今でこそ正会員数50名を超え、非会員ダンスクラスメンバーを加えると結構な大所帯となり、各種クラスや勉強会も設けられたものの、
会発足初期は、石ころだらけの荒地のような状態でした。映像資料もアイリッシュダンス専門の指導者もなく、当時の先生を含めて試行錯誤を重ねながら、荒地を耕すような状態。
集めきれない程の資料も簡単に入手可能であり、練習場所もあり、学ぶものも選択できる現在の整った環境を思うと、本当に「開拓者時代」とも言えるスタートだったと思う。

  パトリックとの出会いは、93年のウィリークランシー・サマースクールのリサイタルです。シャイそうな笑顔の小柄な少年でした。
しかしダンスは壮年のベテランのように落ち着いて見事であり、重鎮のジョー・オドノヴァン先生と堂々と渡り合っていたのには、
皆驚嘆の声を上げていたのを良く覚えています。
その3年後、ケリーのリストウェルで開催されたフラー・キョールというイベントのダンスクラスで、再び彼に会いました。
私が夢中で練習しているのを、ニコニコしながら見ていたようです。(米デトロイトCCEのクラスメイト、こっそり教えてくれました)
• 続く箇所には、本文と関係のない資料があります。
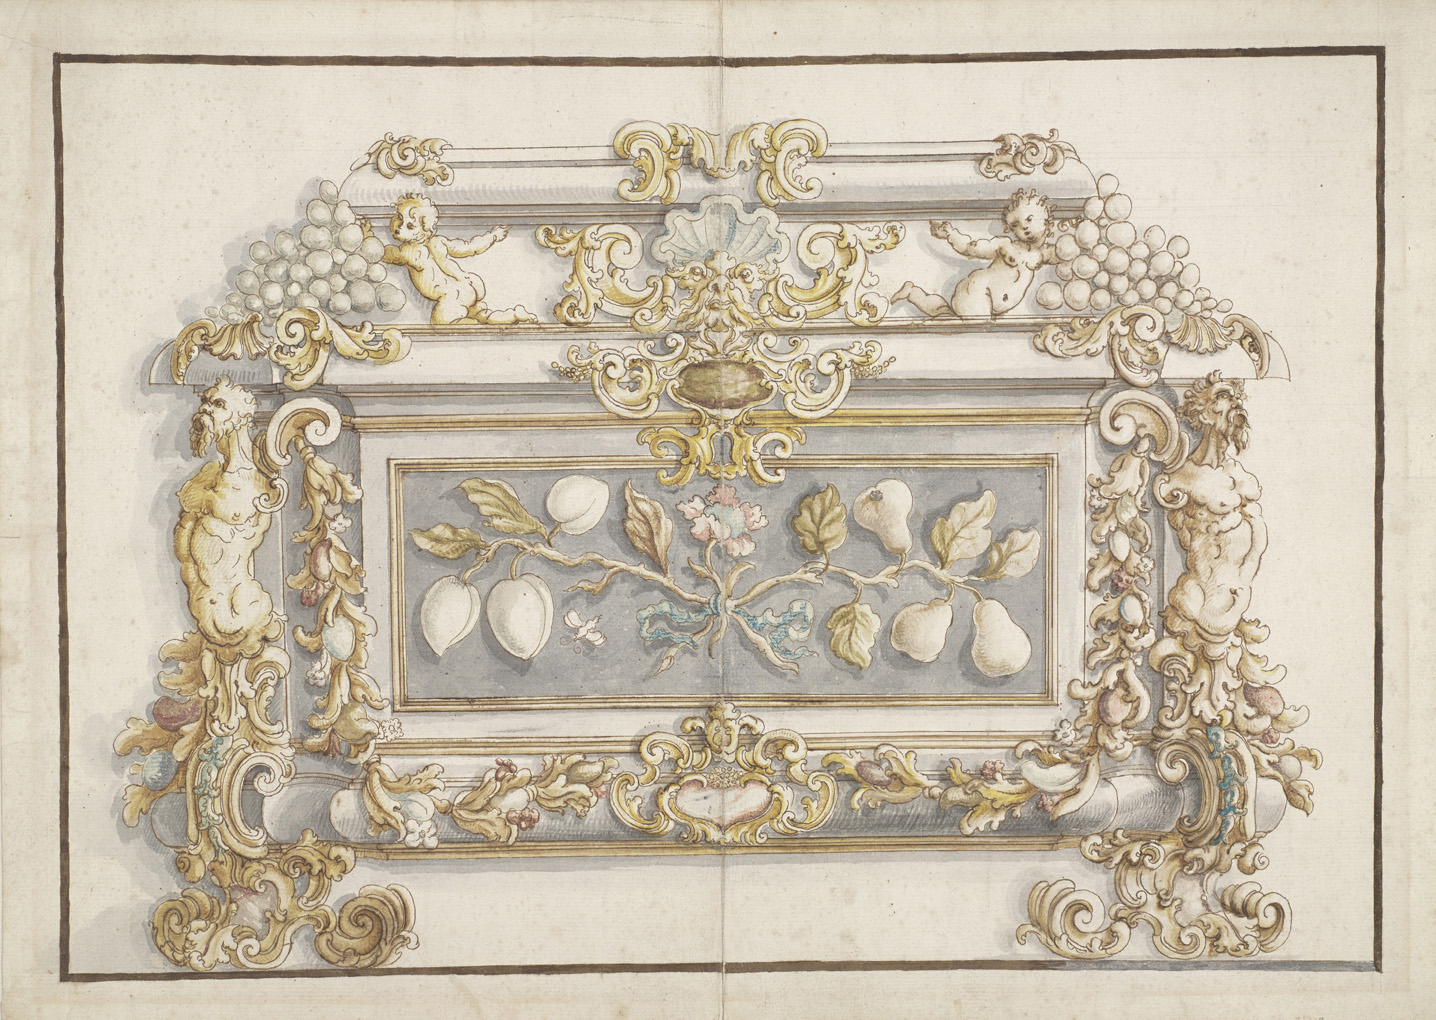 Giovanni Battista Foggini (1651-1725), Projet pour un coffret, avec des panneaux en pierre dure, vers 1710-1715, plume et encre brune, aqu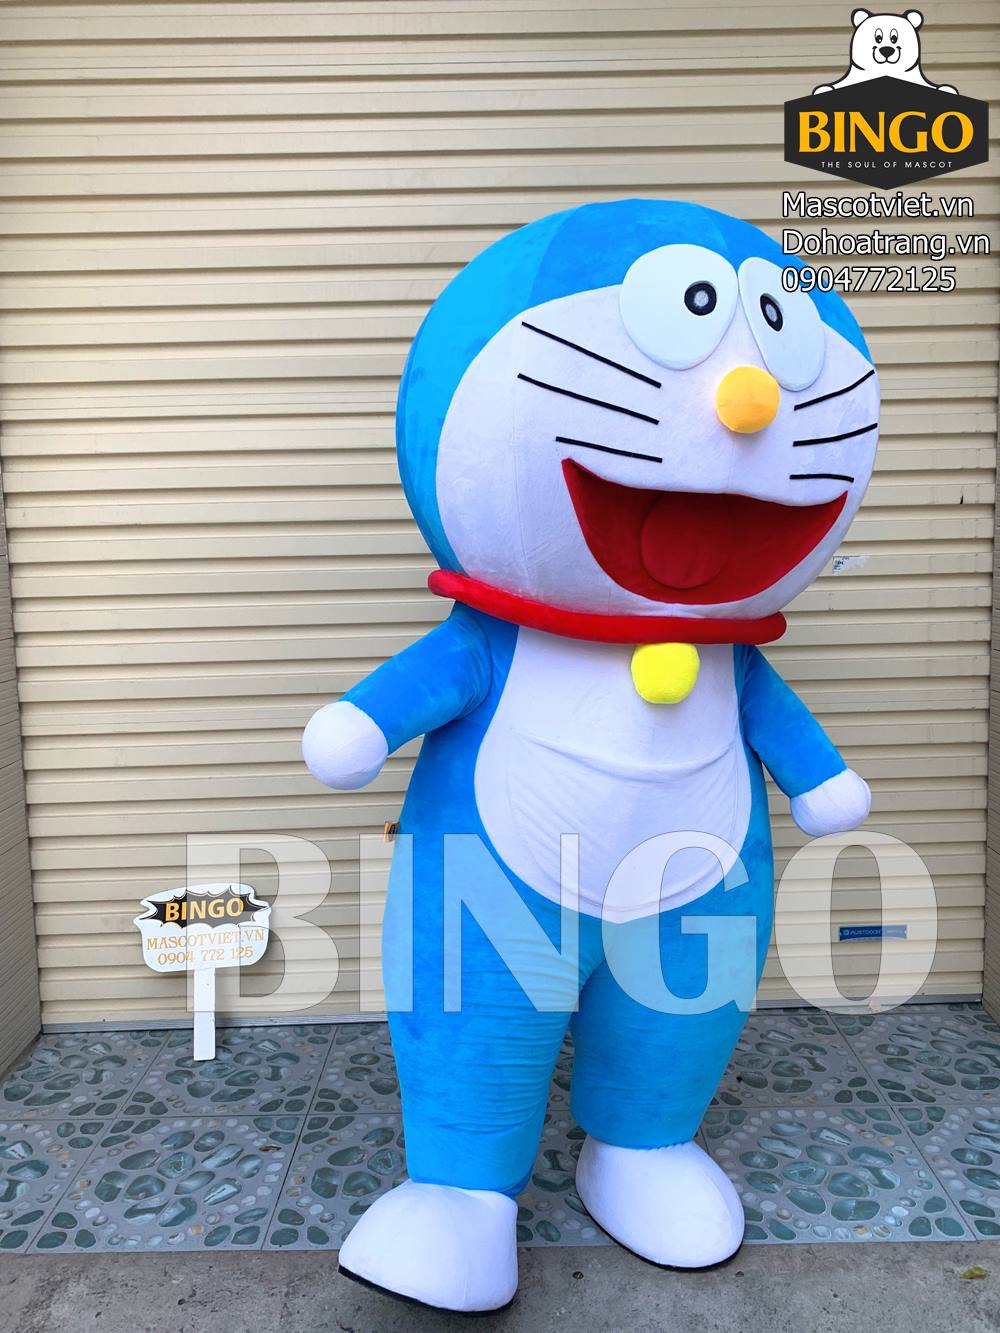 Doraemon là gì? Ý nghĩa tên nhân vật trong Doraemon - POPS Blog

一昨年、成人したパトリックがついに来日し、ワークショップを受けることが出来たのですが、その際、彼は懐かしがって、
オドノヴァン先生のこと、昔のことを嬉しそうに話してきました。
自分の敬愛する師をまた敬愛する人に対する親近感なのでしょうか。(ダンスは天と地以上の違いがありますが…)
現在トラディショナル・ダンス界では世界的なトップクラスの踊り手で、人間国宝的存在の彼ですが、何時会ってもその気さくで慎ましい人となりはちっとも変わりません。
きっと、本当に実力と自身のあるひとというのは、こういうものなのだなあ、と思いました。